Equine Cushing’s Disease (ECD)
Cushing’s disease causes loss of function of the hormonal system and may not respond to treatment. Many older horses develop ECD, which is caused by a growth on the pituitary gland located at the base of the brain. This very active growth releases a hormone that causes the adrenal gland to be hyperactive and to produce excessive amounts of steroid hormones. The resulting symptoms include:
- A thick coat that doesn’t shed out (“hirsutism”)
- Progressive weight loss
- Excessive drinking and urinating
- Sweating and unusual dampness of the coat
- Laminitis
- This condition also leads to reduced ability to fight infections, so older horses with ECD are prone to infectious diseases such as EPM, tooth root infections, sinusitis and common respiratory infections. There are special tests to support the diagnosis and specific treatments, so it is well worth having a workup for this problem. If untreated, horses with ECD get progressively thinner, dehydrate, founder or suffer chronic infections that don’t respond well to antibiotics.
- In general, it is the complexity of secondary problems that may become untreatable. For example, severe laminitis, pneumonia or severe sinusitis, which causes pain and interferes with breathing and eating, are serious and possibly irreversible. Weight loss may also be too rapid to reverse. In some horses, the pituitary gets so large, it actually puts pressure on the hypothalamus, that part of the brain that regulates “flight or fight” responses, emotions, thermoregulation, and other hormonal functions. The horse cannot maintain his body temperature or he has seizures.
- Failure of The Immune System
- One reason old horses do not respond to conventional treatments is failure of the immune system brought about by old age. Treatment of infections in older horses must be aggressive and often requires a combination of antibiotics, which can be expensive. While it’s always worth treating an infection, a lack of response is a cardinal sign that the “back-stop” function of the immune system is failing.
- Cancer
- Like people, older horses are prone cancer, which causes pain, loss of function and lack of response to conventional treatments. Old gray horses invariably develop melanoma of the skin. Other common cancers include lymphosarcoma, squamous cell carcinoma (“cancer eye”), and fibrosarcomas. At the present time, there are not many options for treating cancers in horses, since radiation and chemotherapy are extremely expensive or not feasible because of the size of the animals.

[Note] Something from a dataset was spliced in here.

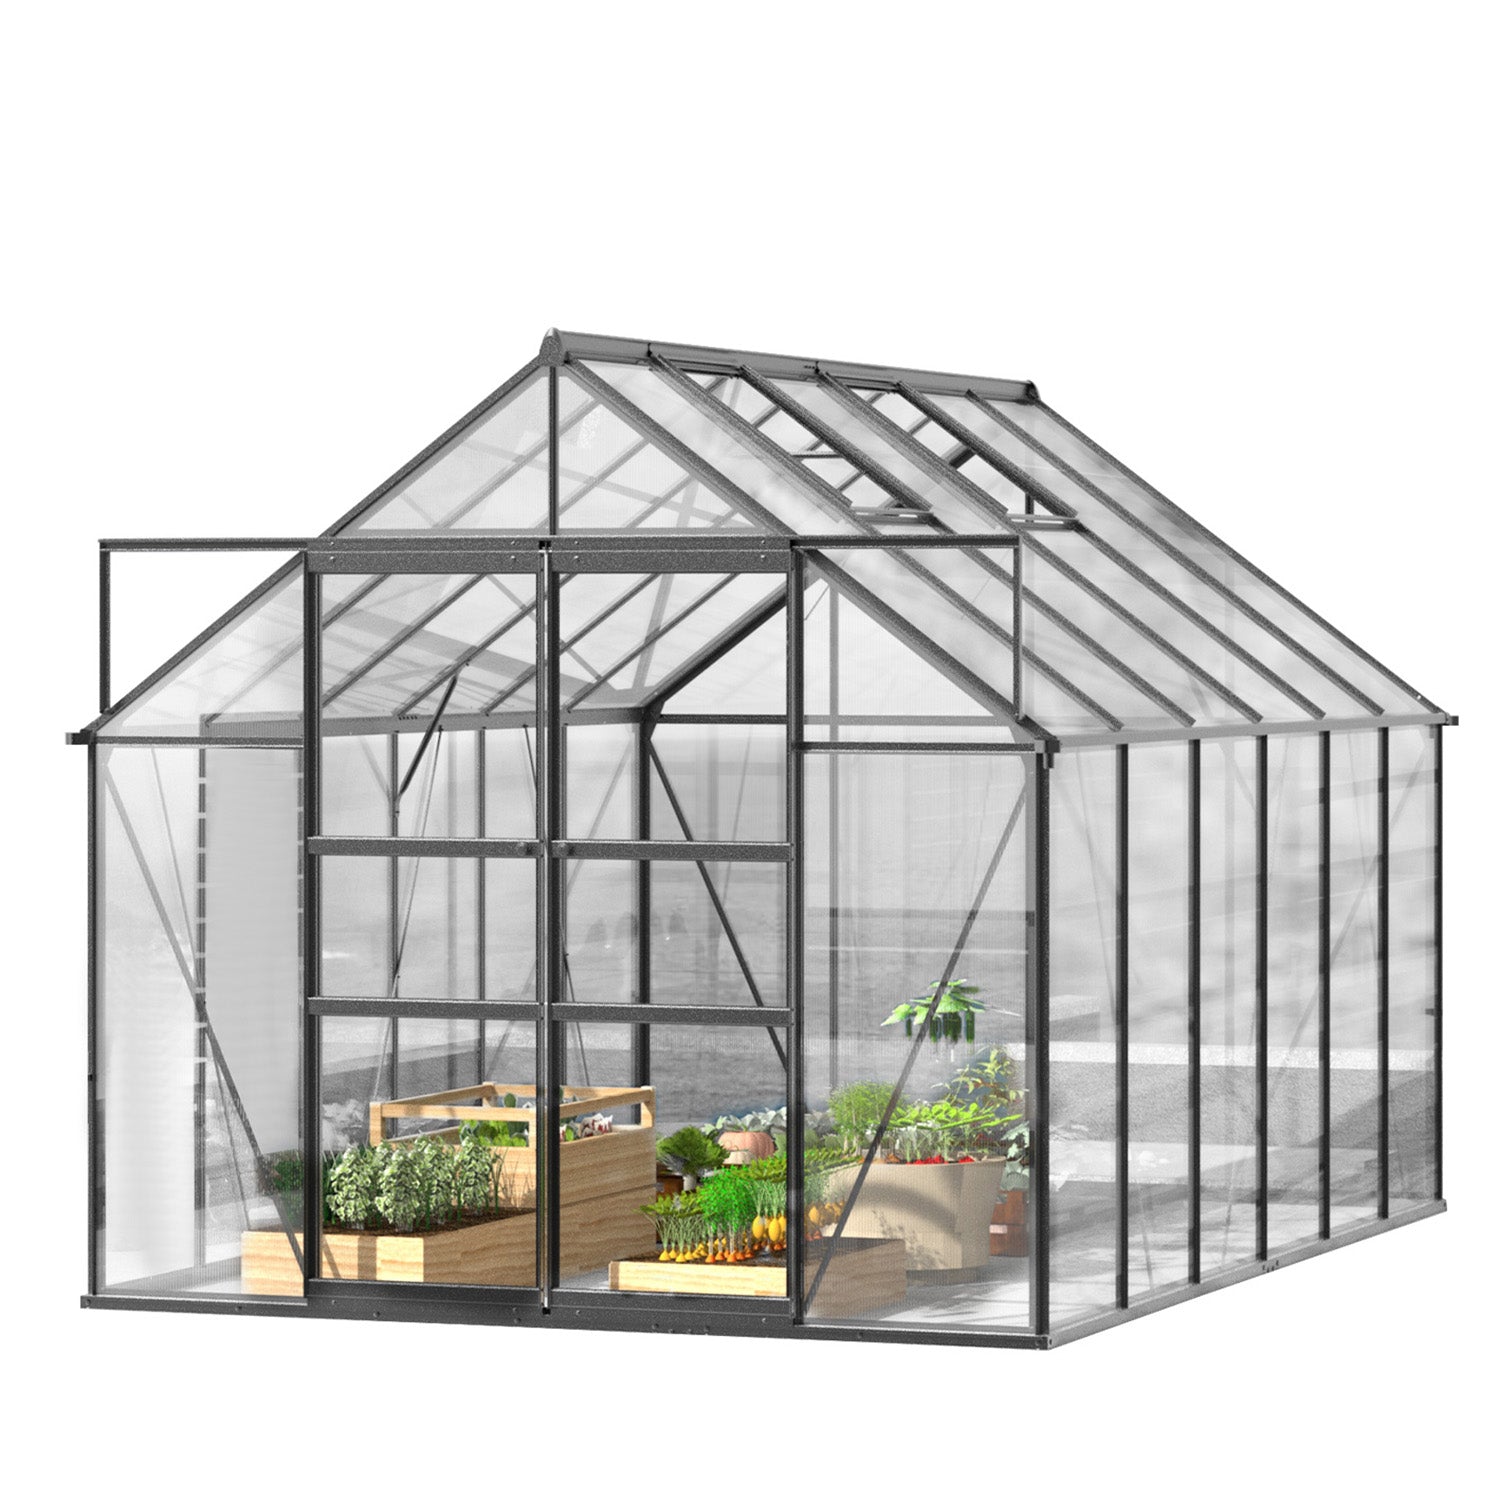 12x8 ft Walk-in Outdoor Greenhouse with Sliding Door, Vent Window, Rain Gutter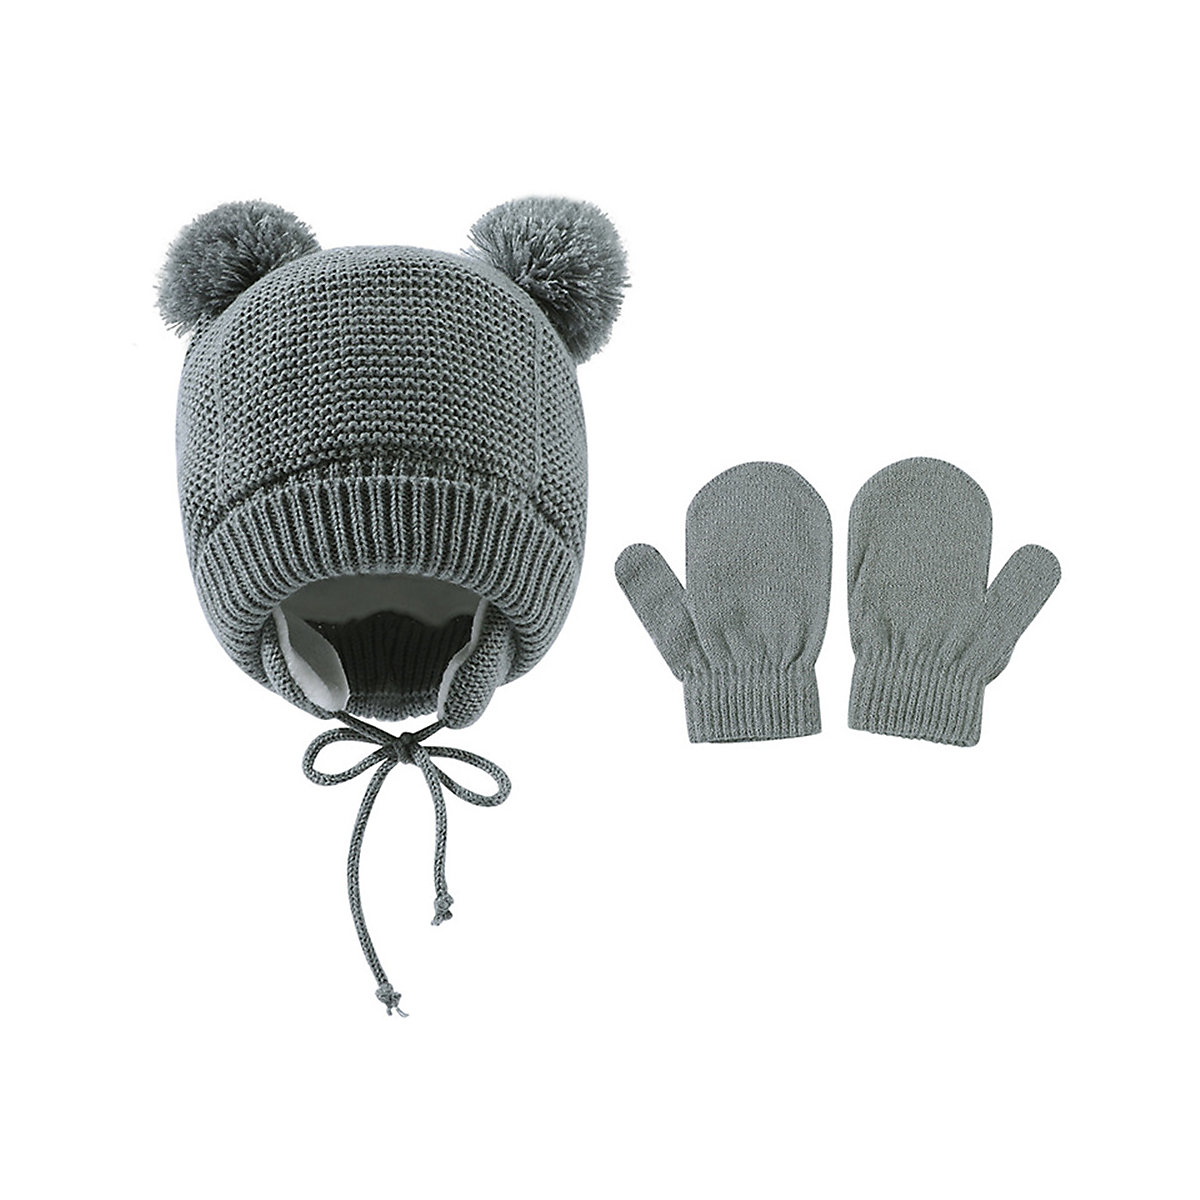 Vicabo Winter Mütze und Handschuhe Set Winter Strickmütze Mützen für Kinder grau

- If the cancer is localized to one area, there are possibilities, although expensive, to treatment locally with cryotherapy, surgery, and/or local injection of chemotherapeutic agents. Most of the time, however, cancer is a serious life-threatening disease in horses without many options. Tumors often cause extensive local damage making organs dysfunctional such as the loss of swallowing ability (mouth, tongue and esophageal tumors), interference with breathing (nasal, tracheal or lung tumors), digestion (intestinal tumors), urination (bladder, genital tumors), defecation (melanomas of the tail), or even walking (spinal tumors). If any of these areas are affected to the point where the horse is in constant pain, experiences serious weight loss or organ system failure, the condition may not be treatable.